Data:
• • • •
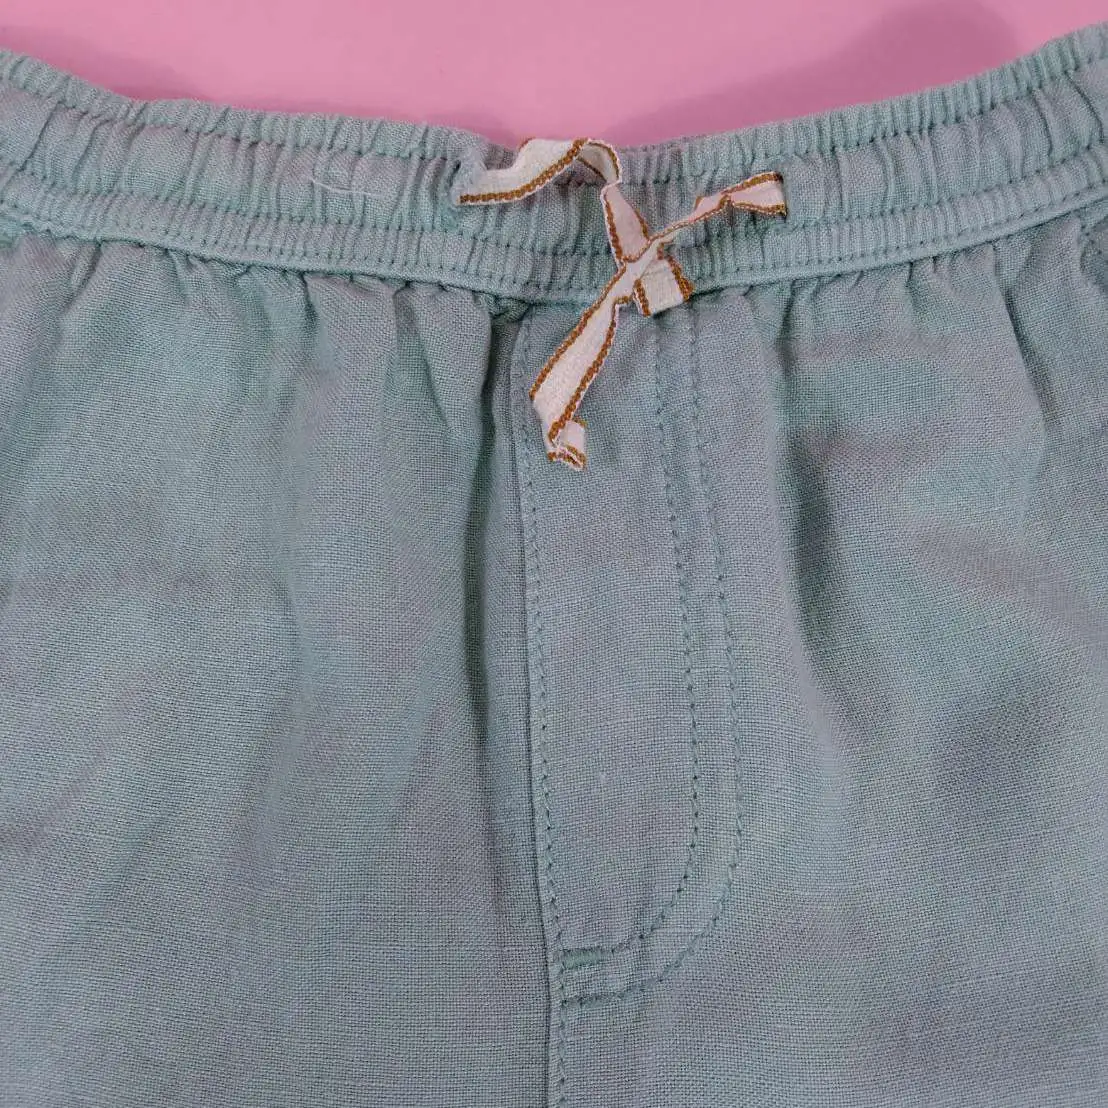 ZARA กางเกงผ้าฝ้ายขายาวสีเขียวไซส์ 4-5y
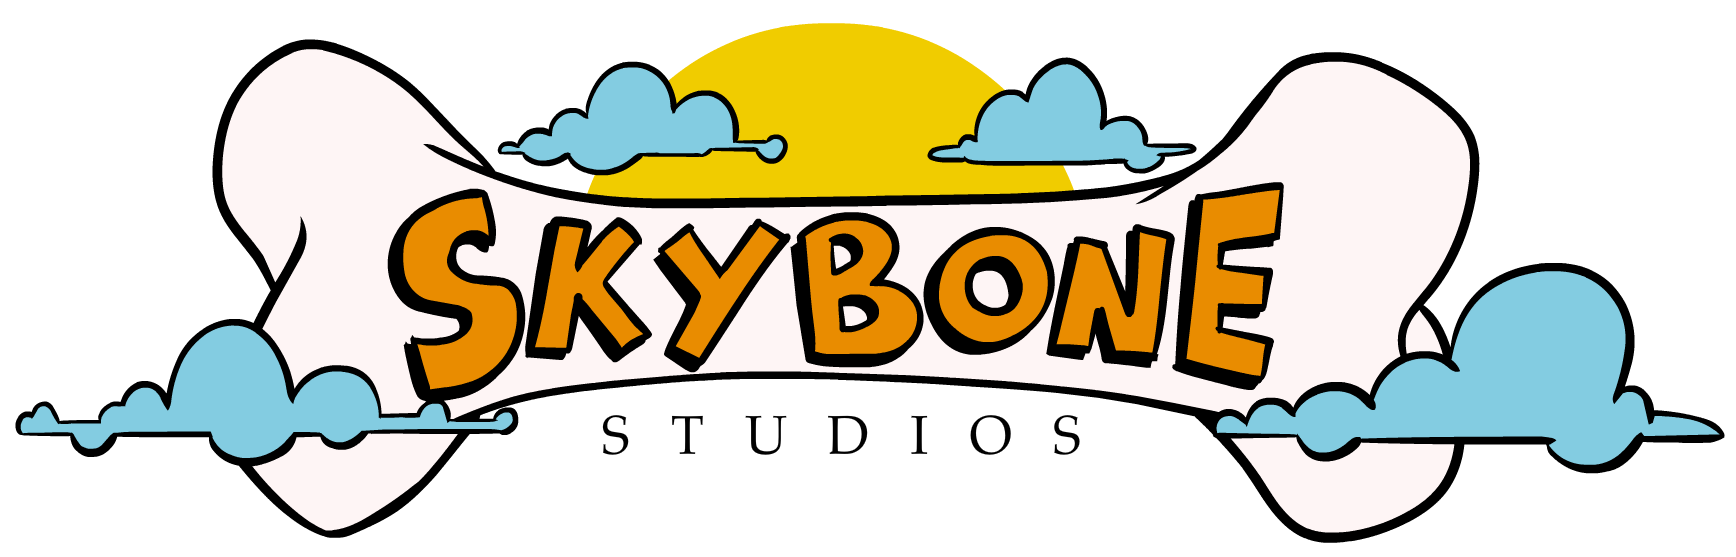 Skybone Studios
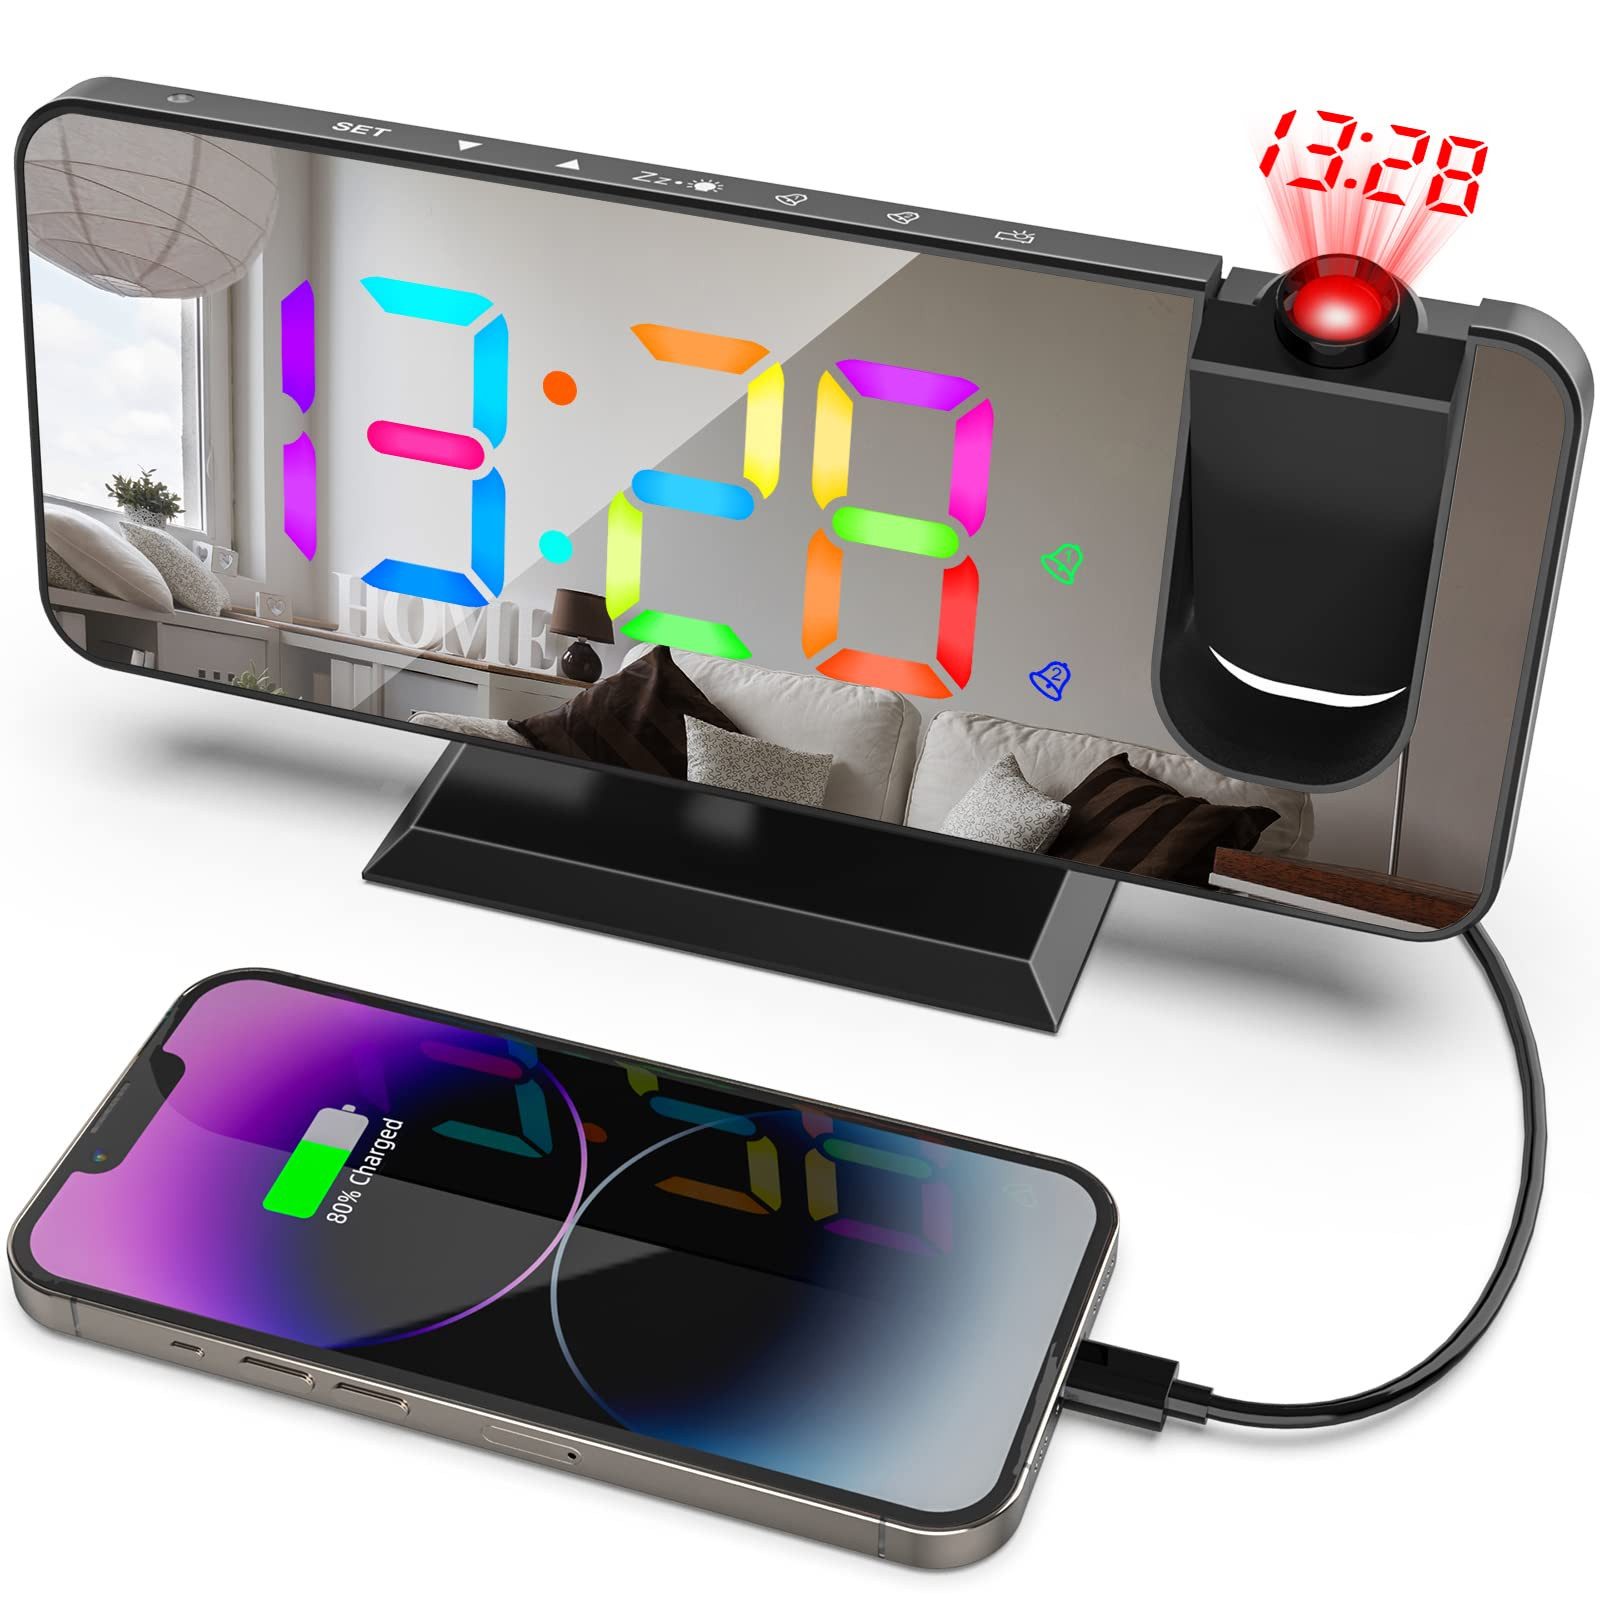 BlingBin Projektionswecker Digitale Projektionsuhr RGB Gradienten Projektionsuhr Spiegelwecker 180° Drehung Nachttischuhr mit LED-Anzeige, Snooze Dual-Alarm USB
• • • •
Exercise description: Your copy should match the data above exactly, apart from the pictures.

Task result:
 ZARA กางเกงผ้าฝ้ายขายาวสีเขียวไซส์ 4-5y
 Skybone Studios
 BlingBin Projektionswecker Digitale Projektionsuhr RGB Gradienten Projektionsuhr Spiegelwecker 180° Drehung Nachttischuhr mit LED-Anzeige, Snooze Dual-Alarm USB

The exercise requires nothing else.